Lehi • A Utah flour mill whose distinctive architecture made it an icon in art and film has made news in recent weeks for being enveloped in a financial mess that’s imperiling its future.
What is only now emerging is that the 107-year-old business also is caught up in a web of bureaucratic entanglements that has fueled its troubles, the details of which are growing more perplexing by the day.
Lehi Roller Mills
Founded » 1905 at its present site, 833 E. Main St., Lehi.
All in the family » In 1910, George Robinson purchased the mill, of which grandson Sherman is the current owner
Products » Wholesale flour, mixes for pancakes, brownies, cookies and muffins sold by grocery chains and others
Retail store hours » 9 a.m. to 6 p.m., Monday through Saturday
The latest dustup came after the U.S. Department of Labor sent letters earlier this month to customers of Lehi Roller Mills, telling them to "voluntarily" refuse any shipments of flour and bakery goods. The action apparently was in response to several workers taking to the streets in early July to protest that they and others had missed several paychecks.
The Labor Department made its move July 20 by filing a complaint in U.S. District Court for Utah seeking to force the Roller Mills to stop all shipments. The agency also sent letters to customers, telling them that if they accepted shipments from the Mills, they could be in violation of federal law. That was the same day the owner says he promised investigators that all 38 workers would be paid back wages. On Thursday, federal officials withdraw the motion — saying that the Mills had provided proof on Wednesday and Thursday that the workers had been paid.
But by then, Roller Mills’ owner Sherman Robinson said, the damage had been done.
"I’ve already gotten calls from my customers," he said. "One said I must have done something terrible to get that letter."
Los Angeles labor attorney Jesse Atilano, who has worked on similar cases but is not involved with the Roller Mills issue, questioned the agency’s tactics.
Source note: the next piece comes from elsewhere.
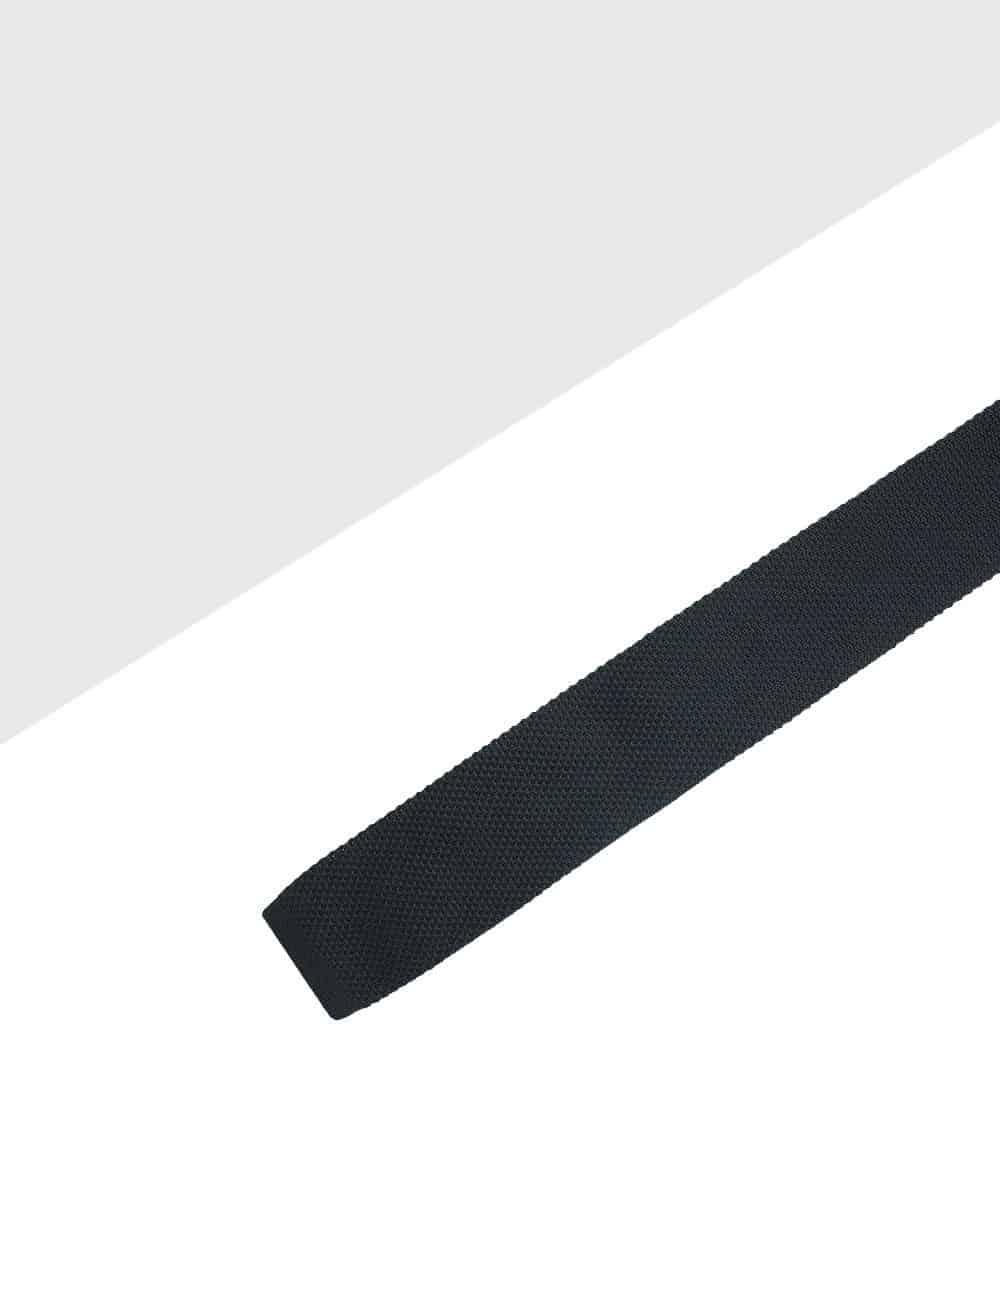 Solid Black Knitted Necktie KNT70.8

He argues that for the Labor Department to notify customers to refuse shipments prior to going before a judge not only is a violation of due process but also typically results in forcing businesses into bankruptcy — leaving all employees out of a job.
"It may make sense to do that with a bad employer or a repeat offender," he said. "But there may be a better way to get employees their money. If wages are due, the department could sit down and work out a solution, but they’re not doing that."
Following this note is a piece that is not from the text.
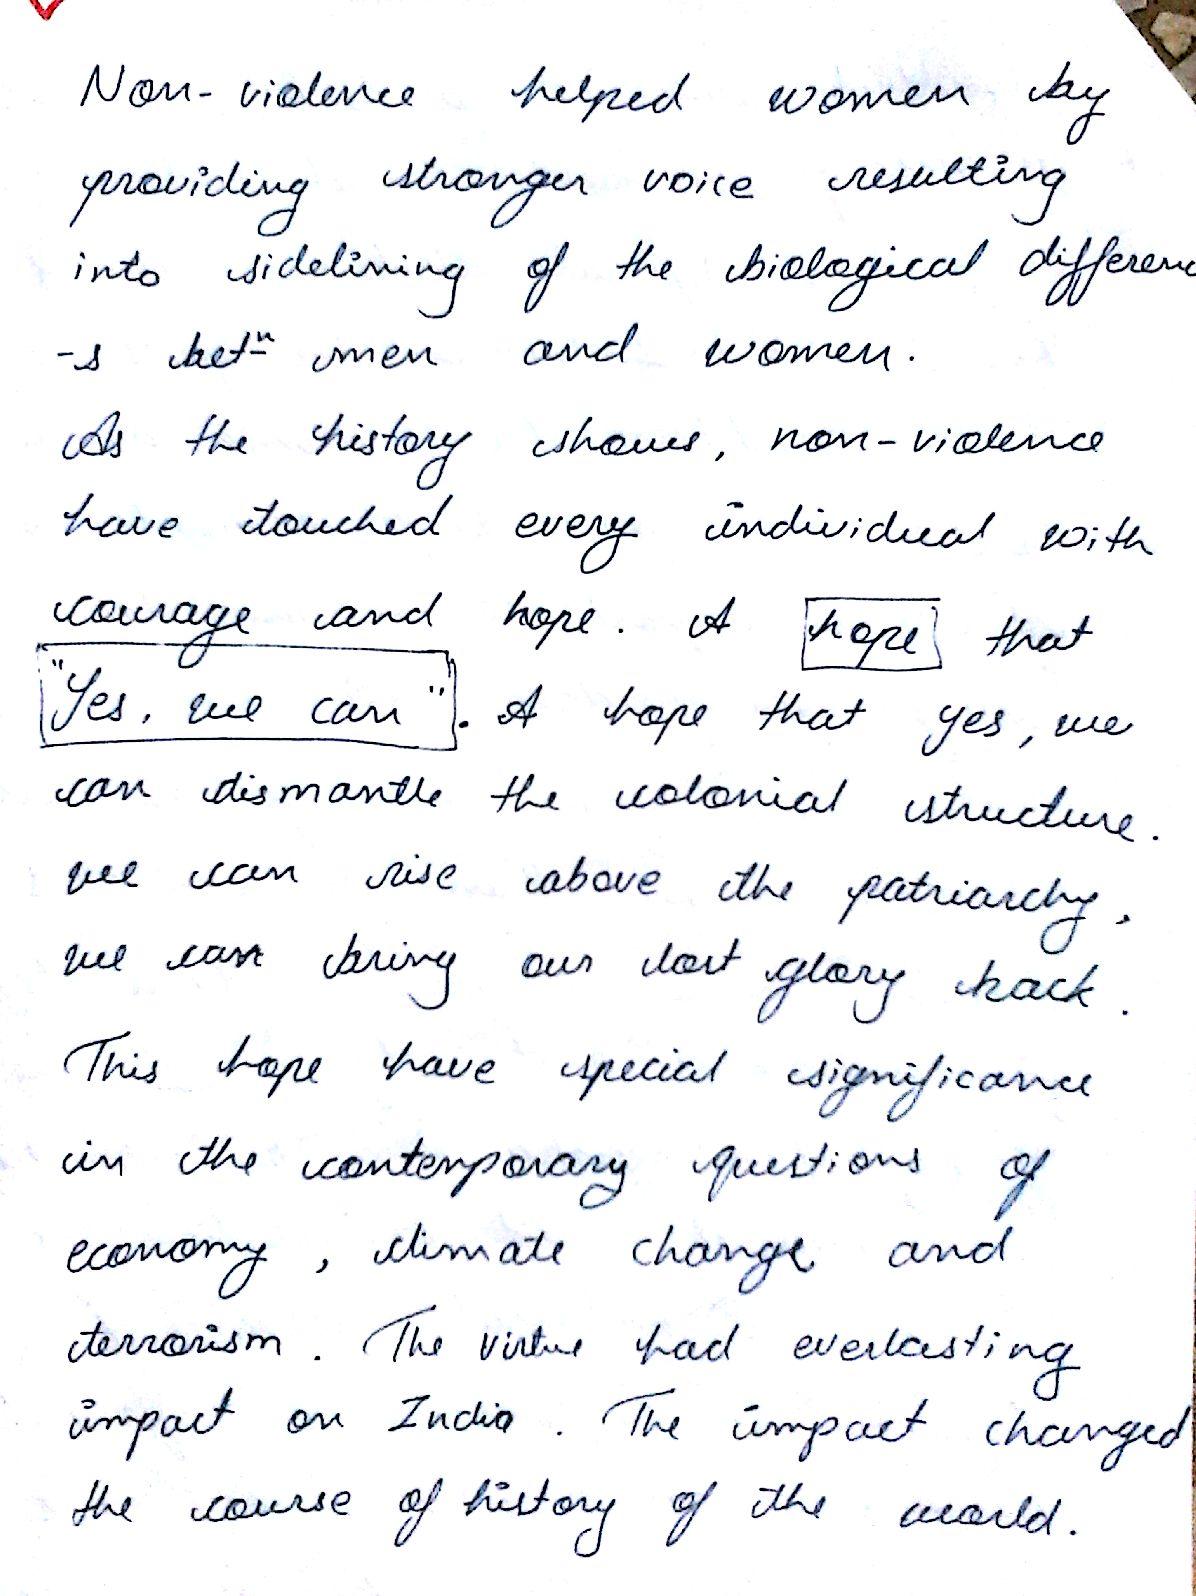 003 Terrorism Essay Example New Doc 20 8 Wonderful Topics In English War On Full

Labor Department spokeswoman Elizabeth Todd, who said she could not discuss the case directly, referred only to the agency’s website, which says it may seek to suspend shipments when an employer does not "voluntarily" correct wage, overtime or child labor violations.
Were that the beginning and the end of Roller Mills’ troubles, Robinson might find peace, but there’s so much more to the Roller Mills saga.
Through thick, thin • Robinson actually traces many of his financial difficulties to yet another federal agency, the U.S. Department of Agriculture, whose stated mission is to help farmers and agricultural businesses.
For years, the USDA has refused to disclose whether it has completed a wide-ranging investigation into one of Roller Mills’ customers, dating to nearly a decade ago. Even as the probe has ensued, the USDA had guaranteed a loan to Lehi Roller Mills, which Robinson said no bank would touch, in part because he had to disclose on financial applications that he also was under investigation for reasons that have never been made clear to him.
"You have no idea how much damage my government has done to this business and to the families of our employees," said Robinson, 64. "I rightfully expected more of those who represent our government, and who take an oath."
Robinson thought he put the investigation behind him when he secured a line of credit through America West Bank, based in Layton. But in 2009, regulators closed the bank and appointed the Federal Deposit Insurance Corp. as receiver. The action not only cut off the Roller Mills’ line of credit. But it also froze liens the bank held against the property — leaving Robinson with no collateral to obtain a loan elsewhere.
"This can be a real complication for businesses when a bank fails," said George Sutton, an attorney and former commissioner of Utah Department of Financial Institutions. "You need collateral to get a new line of credit, but when the first bank fails, it still has a lien on your buildings, equipment and receivables. If you have to set up a new line of credit, your collateral is tied up with the failed bank."
Robinson is making do with a purchase-order loan at an interest rate of 35 percent that is wiping out profits and eating up his cash. With so-called asset financing — often called Pay Day lending for businesses — he can obtain working capital only for orders already sold. The arrangement means Internet sales have been discontinued and that Robinson has no inventory on hand to fill orders quickly.
Sales have plummeted from $18 million in 2006 to about $10 million today.
Despite Roller Mills’ financial troubles, some are sticking by Robinson.
Jim Smith, 55, who farms 7,000 acres in Cedar Valley on the west side of Utah County, acknowledges that he’s holding an unpaid note, "but I won’t say how much because some people might think I’m stupid and others might say it’s nothing to talk about. He’s paid me for every kernel of wheat for the past two years, and he’s an honest man. I trust him. I absolutely do."